An Ensemble Scheme for Proactive Dominant Data Migration of Pervasive Tasks at the Edge
Georgios Boulougaris, Kostas Kolomvatsos

TL;DR
This paper introduces an ensemble scheme for proactive data migration at the edge, enabling autonomous nodes to predict and manage data access patterns for efficient processing in IoT and edge computing environments.
Contribution
It presents a novel ensemble approach combining statistical and machine learning models to identify dominant data assets and request densities for improved data migration strategies.
Findings
Effective identification of dominant data assets
Improved prediction of data access patterns
Enhanced data migration efficiency
Abstract
Nowadays, a significant focus within the research community on the intelligent management of data at the confluence of the Internet of Things (IoT) and Edge Computing (EC) is observed. In this manuscript, we propose a scheme to be implemented by autonomous edge nodes concerning their identifications of the appropriate data to be migrated to particular locations within the infrastructure, thereby facilitating the effective processing of requests.
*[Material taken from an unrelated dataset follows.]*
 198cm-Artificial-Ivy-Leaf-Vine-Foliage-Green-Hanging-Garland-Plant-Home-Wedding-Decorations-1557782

Our objective is to equip nodes with the capability to comprehend the access patterns relating to offloaded data-driven tasks and to predict which data ought to be returned to the original nodes associated with those tasks. It is evident that these tasks depend on the processing of data that is absent from the original hosting nodes, thereby underscoring the essential data assets that necessitate access. To infer these data intervals, we utilize…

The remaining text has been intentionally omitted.